I am also working on the editorial board of Ramify: the Journal of the Braniff Graduate School of the Liberal Arts. I am an Associate Editor for Volume 7 (which should be published within the month) and then I will take over as Editor-In-Chief for Volume 8.

For one month this summer, I am working as a receptionist at Cistercian Preparatory School; it’s a boy’s school just across the highway from UD, and they run four week-long summer camps in June and July. I sit at the front desk, answer phones, and do Italian homework. It is a gift of a job (and the camps run like a well-oiled machine…it’s very impressive). It’s also highly air-conditioned, so I find myself in the peculiar position of turning on a space heater for my feet. In Texas. In the middle of Summer.


When the summer camps wrap up, I’ll be heading over to see my family in northern New Mexico; my sister is moving from Idaho to Texas (College Station, a few hours south of DFW), and we’re all going to meet up at the family cabin in the mountains.

I’m hoping to travel to a couple conferences this fall: one on Christianity and Literature at Oklahoma Baptist University, and one on Dante in Birmingham, AL.

In November, I’m going to be in the wedding of a dear friend who is getting married in Portugal (her fiance is Portugese, and between immigration restrictions and her future father-in-law’s generosity, it was simpler to have the wedding there). I’M GOING TO BE IN EUROPE! Since the biggest hurdle to visiting Europe is getting over there in the first place, and since I don’t have to get back to a job, I’m going to take a couple extra weeks to see some places on my bucket list: Oxford, London, Florence, and Rome. (Note: because I am a genius at travel planning, I fly back on Thanksgiving day.)

Looking to the even more-distant future, I have applied to work with the New Mexico State Legislature as a Republican analyst for the 2019 legislative session. If that works out, I’ll be in Santa Fe for a couple months at the start of next year.
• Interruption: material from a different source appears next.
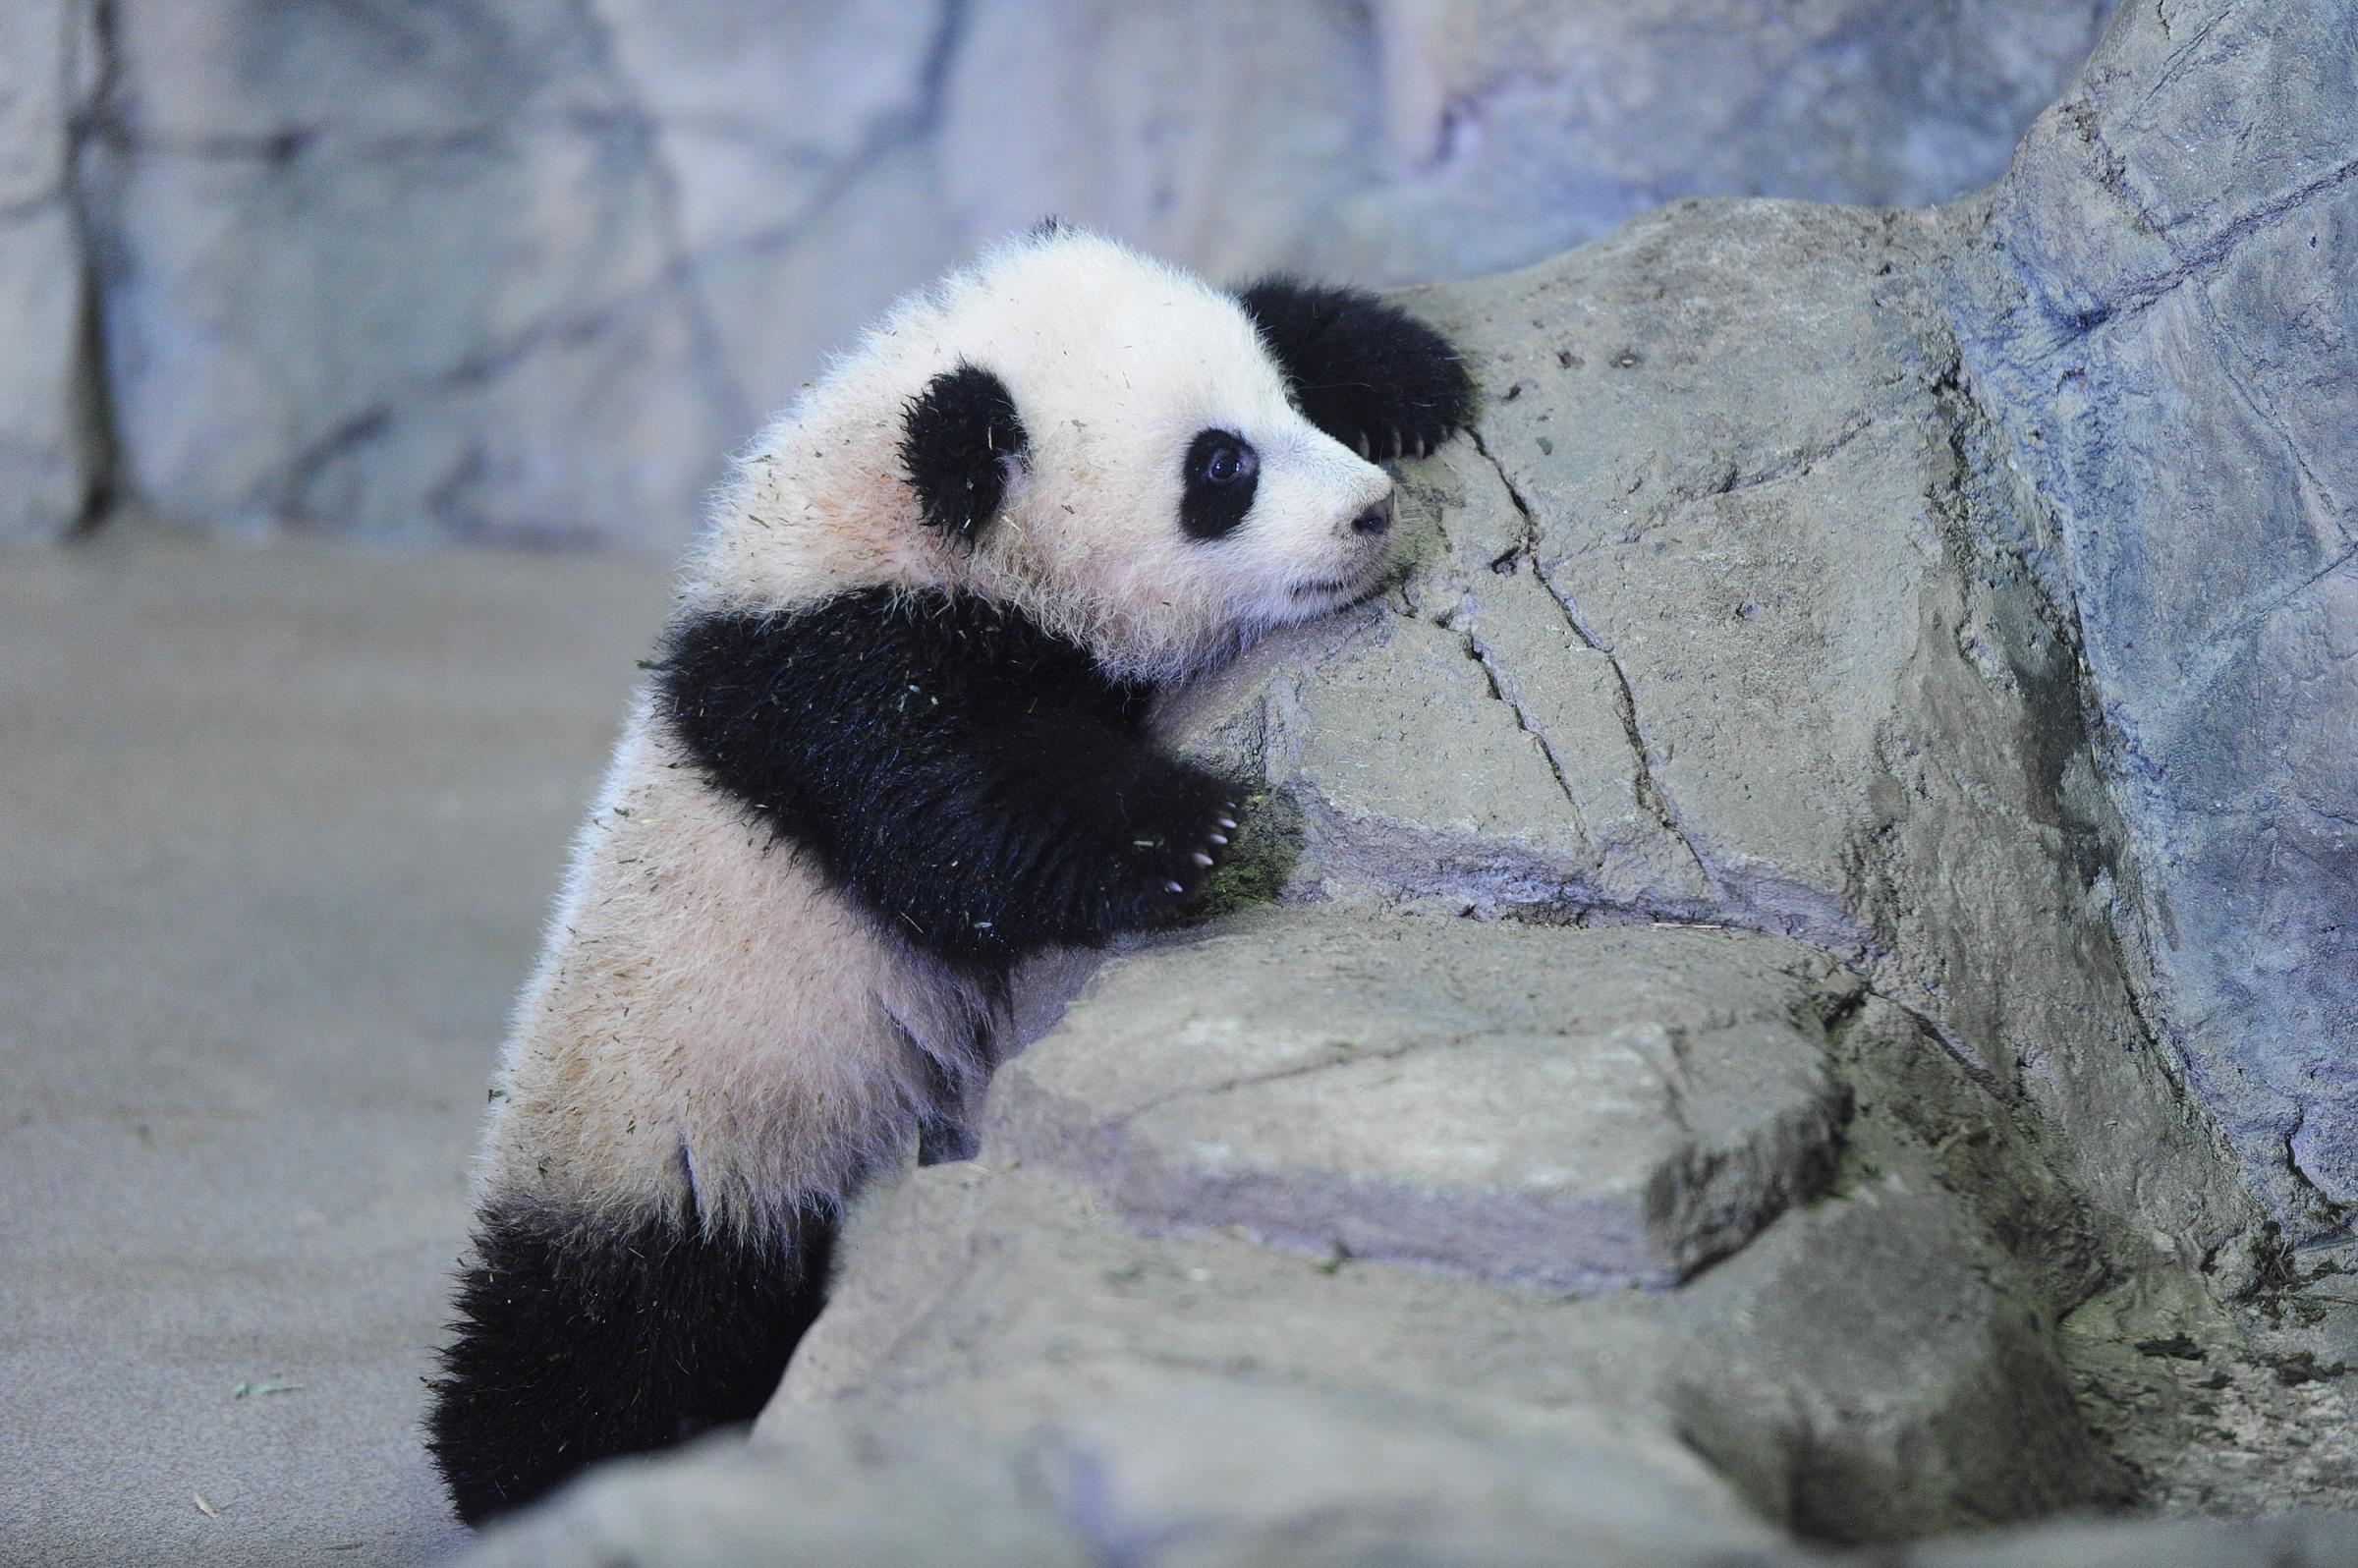 Giant Panda cub, Bao Bao - Washington, DC

Inspired by an essayist I follow on Twitter (Phil Christman, who wrote that tremendous meditation on what it means to be Midwestern last year), I am keeping track of the books I read in 2018 on a twitter thread.
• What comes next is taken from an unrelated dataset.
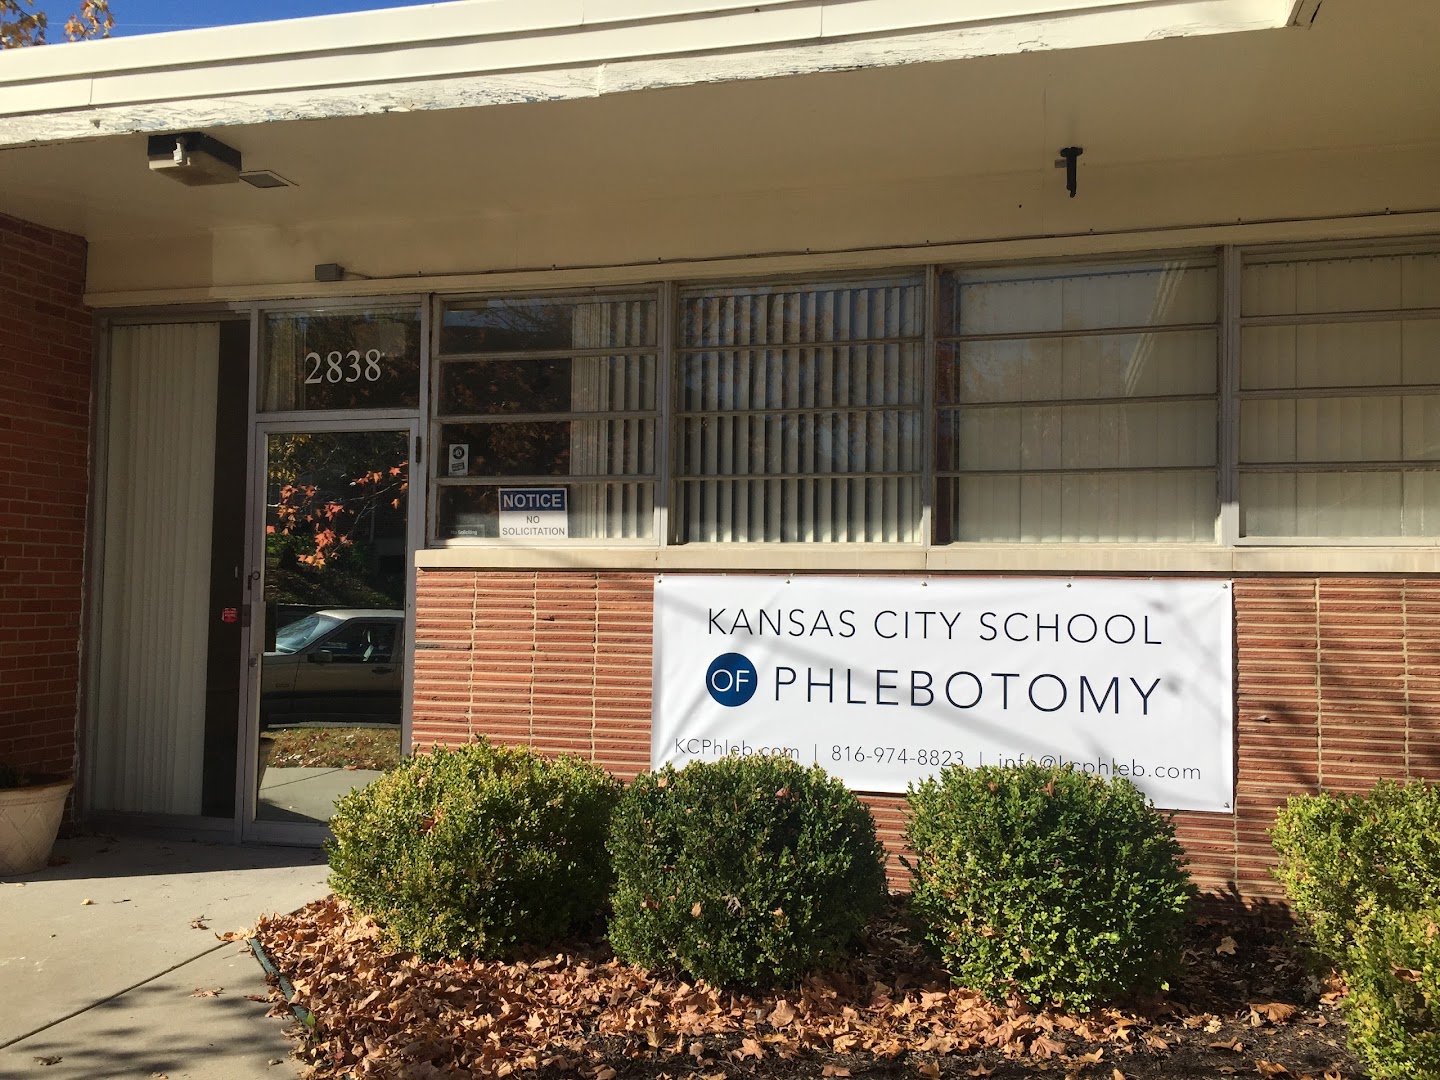 Kansas City School of Phlebotomy

I also got a MoviePass card this year and have been doing my best to take advantage of it. As with the books, I’m keeping track of my movies on their own twitter thread:

I’m still regularly attending Chapel of the Cross (a Reformed Episcopal Church in the ACNA), but I have also occasionally visited St. Mark’s Episcopal Church in Irving. Chapel is 20 minutes away and only does communion at 8am during the school year, while St. Mark’s is only 3 minutes from my house and has a 10am communion service. I’ve also visited All Saints Presbyterian (CREC) over in Fort Worth for a baptism.

Every year I stay in Irving, I find myself more and more delighted with the community of friends I have. Moving is hard, and during my first year in Texas I was incredibly skeptical of all the people I met who said that they loved the community. Friendships take time, but they can flourish … even in Dallas.

ON THE OTHER HAND: I still have nothing good to say about the traffic or construction.